The idea is to create a network without central authority. With blockchains, I don’t have to trust that someone with sovereign authority will act on my behalf, for example that my principal bank will actually let me pay the electricity bill online. In the crypto world, there are no such central authorities. To ensure that transactions, e.g. the transfer of Bitcoins to another address, are nevertheless possible and are always legal, participants – the ‘miners’ – are given economic incentives in the Bitcoin network. They first check whether a desired transaction is legitimate, i.e. whether the sender has the funds in the first place and is not using them twice, i.e. is sending them to two recipients at the same time. Miners are rewarded for this work and fined otherwise; this is called the ‘consensus mechanism’, and there are different versions of this depending on the blockchain. All in all, miners act in their best interest and in my best interest at the same time, without the need for a supervisory authority – in other words, they act in a decentralised manner.
How have key players in the financial market reacted to this new principle to date?
Countries are trying to establish regulation. The EU is currently working on a new directive for crypto assets, and in India crypto assets are now taxed like other financial products. In China, crypto mining has been banned. As far as the financial industry is concerned, the central topic at the moment is so-called decentralised finance (DeFi). For example, people would like to process the trading of various assets, including conventional shares, but also the deposit/loan business on a blockchain basis. All of this is currently still in its infancy and is susceptible to errors, but it can already be offered at very favourable prices.
How can private individuals prepare themselves for a changing financial world? In your opinion, are people adequately financially literate?
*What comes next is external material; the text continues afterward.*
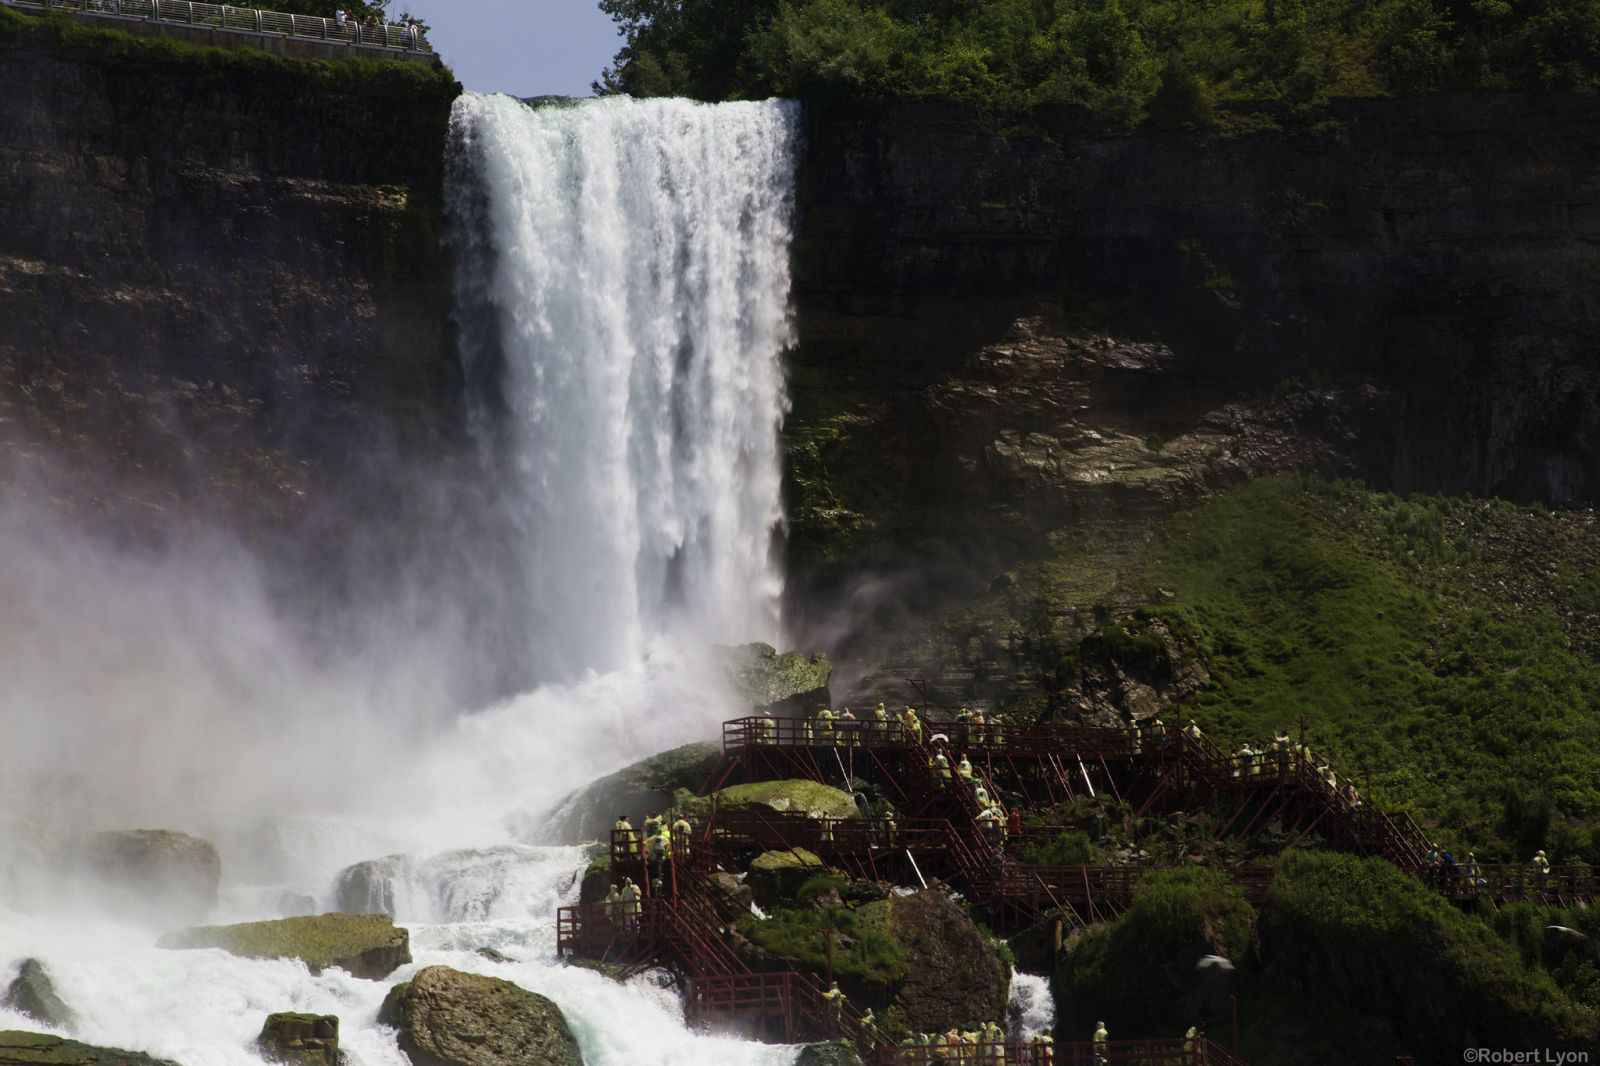 Thác nước Niagara với những dòng thác bạc trắng xóa vào ban ngày là một địa điểm cuối cùng trong chuyến hành trình

The math is relatively simple: If I want a higher return, I have to take greater risks. With high inflation rates and low interest rates on savings, people are taking risks that they are often unable to gauge. There are many financial products that are much safer than cryptocurrencies when it comes to building up assets wisely. However, crypto projects could also be considered as an add-on.
Given that cryptocurrencies are now experiencing difficulties, couldn’t we just wait for prices to improve?
If I invest in an Austrian ATX company that has been around for a long time, odds are that the company will still be doing well in ten or twenty years. I can’t say the same for cryptocurrencies. Trading via smartphone app doesn’t usually make you a millionaire either, although isolated cases do occur. Even if large providers such as Bitpanda only offer around 50 of the more ‘stable’ currencies of the approximately 15,000 different cryptocurrencies for trading, the following still holds true: trading is very risky. No one can offer recommendations and you have to be able to assess the risk yourself.
For ad astra: Romy Müller
Alexander Brauneis is an Associate Professor at the Department of Financial Management at the University of Klagenfurt. He will join Nottingham Business School as Professor for Finance and Innovation from November 2022. He will continue to be associated with the University of Klagenfurt as an external lecturer. He studied Business Administration at the University of Graz and was a member of the research staff at AAU from 2004. In 2014, he was awarded the venia docendi for the subject ‘General Business Administration’. His research interests include empirical and quantitative financial market research, applied econometrics, cryptocurrencies and the market microstructure of crypto markets.